A307515 Heinz numbers of integer partitions with Durfee square of length > 2.

125, 175, 245, 250, 275, 325, 343, 350, 375, 385, 425, 455, 475, 490, 500, 525, 539, 550, 575, 595, 605, 625, 637, 650, 665, 686, 700, 715, 725, 735, 750, 770, 775, 805, 825, 833, 845, 847, 850, 875, 910, 925, 931, 935, 950, 975, 980, 1000, 1001, 1015, 1025

Offset: 1

Gus Wiseman, Apr 12 2019

nonn

First differs from A307386 in having 7^4 = 2401.
The Heinz number of an integer partition (y_1,...,y_k) is prime(y_1)*...*prime(y_k).
The Durfee square of an integer partition is the largest square contained in its Young diagram.
The enumeration of these partitions by sum is given by A084835.

			The sequence of terms together with their prime indices begins:
  125: {3,3,3}
  175: {3,3,4}
  245: {3,4,4}
  250: {1,3,3,3}
  275: {3,3,5}
  325: {3,3,6}
  343: {4,4,4}
  350: {1,3,3,4}
  375: {2,3,3,3}
  385: {3,4,5}
  425: {3,3,7}
  455: {3,4,6}
  475: {3,3,8}
  490: {1,3,4,4}
  500: {1,1,3,3,3}
  525: {2,3,3,4}
  539: {4,4,5}
  550: {1,3,3,5}
  575: {3,3,9}
  595: {3,4,7}

Richard P. Stanley, Enumerative Combinatorics, Volume 2, Cambridge University Press, 1999, p. 289.

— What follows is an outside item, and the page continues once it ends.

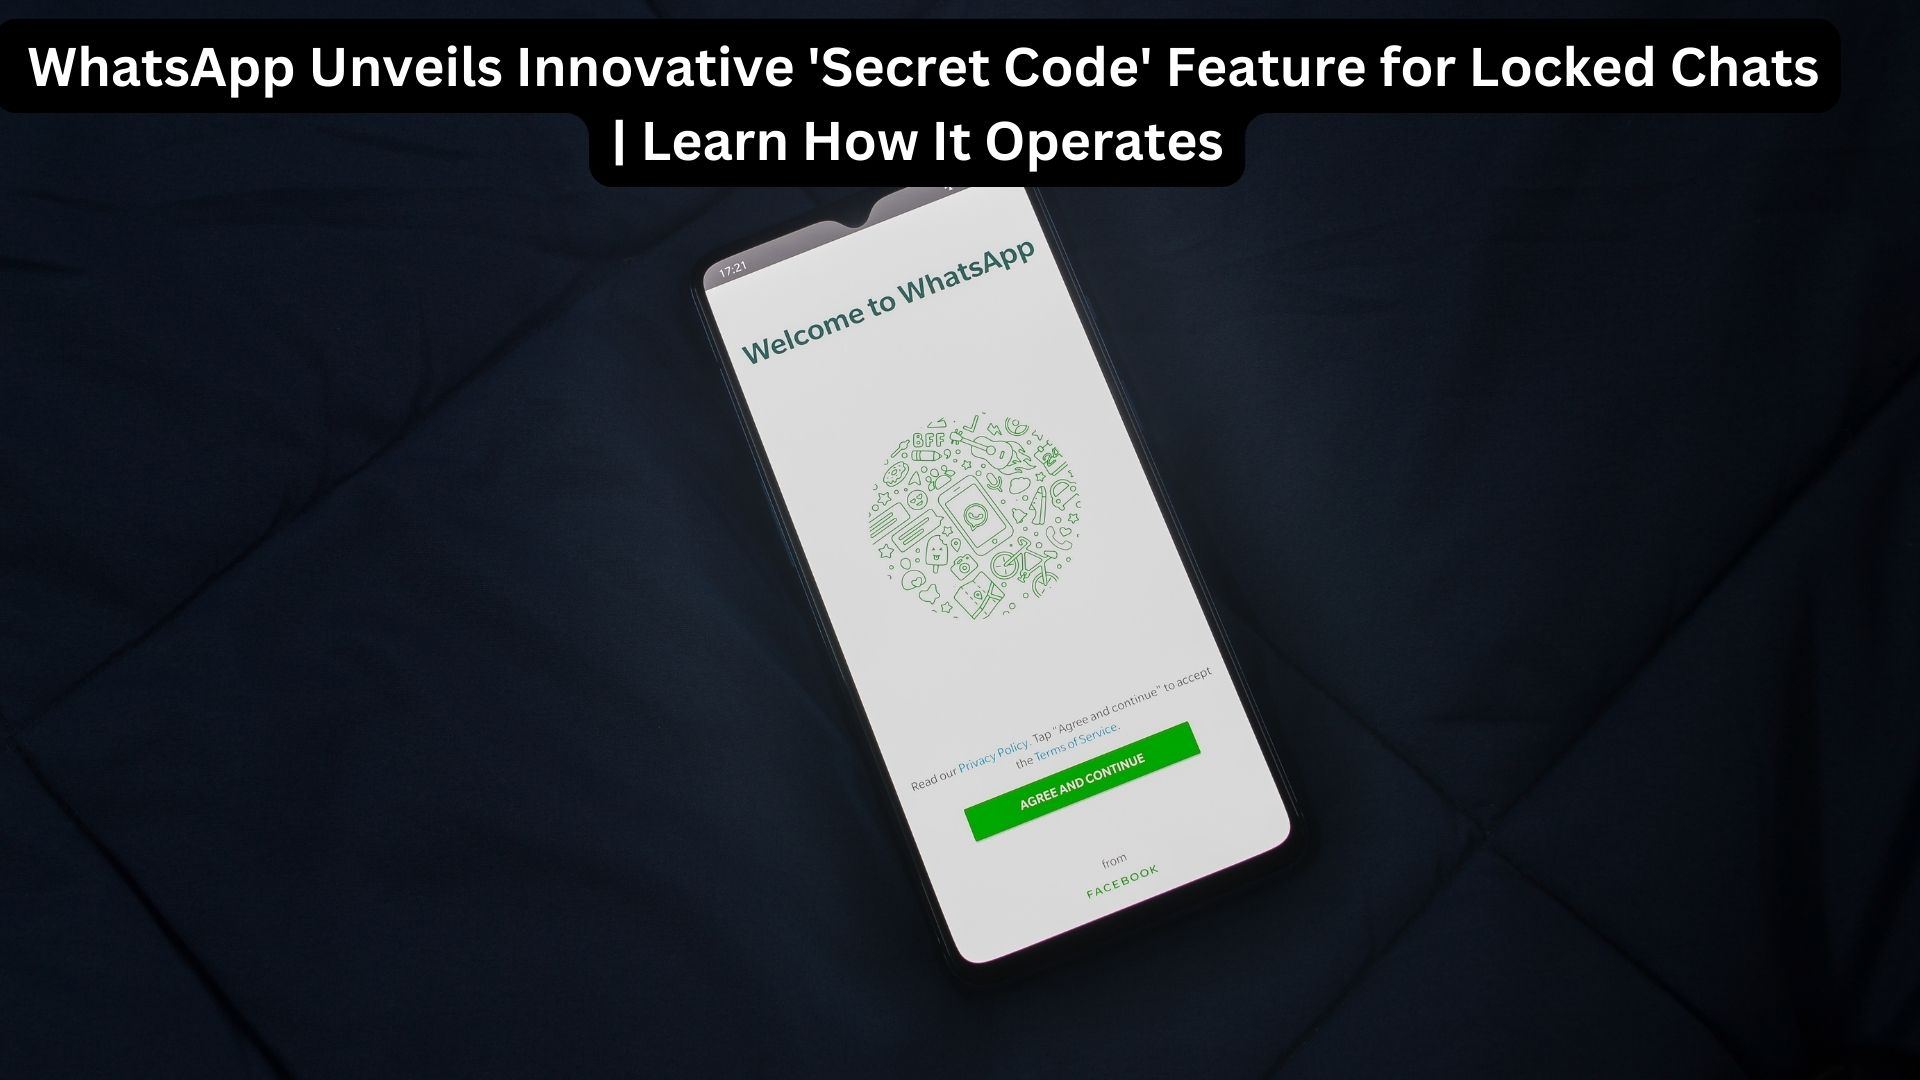 WhatsApp Unveils Innovative 'Secret Code' Feature for Locked Chats | Learn How It Operates

Gus Wiseman, Table of n, a(n) for n = 1..22485
FindStat, St000183: The side length of the Durfee square of an integer partition
Wikipedia, Durfee square.

Positions of numbers > 2 in A257990.

Cf. A006918, A056239, A084835, A112798, A115994, A117485, A252464, A325163, A325170.

durf[n_]:=Length[Select[Range[PrimeOmega[n]], Reverse[Flatten[Cases[FactorInteger[n], {p_, k_}:>Table[PrimePi[p], {k}]]]][[#]]>=#&]];
Select[Range[100], durf[#]>2&]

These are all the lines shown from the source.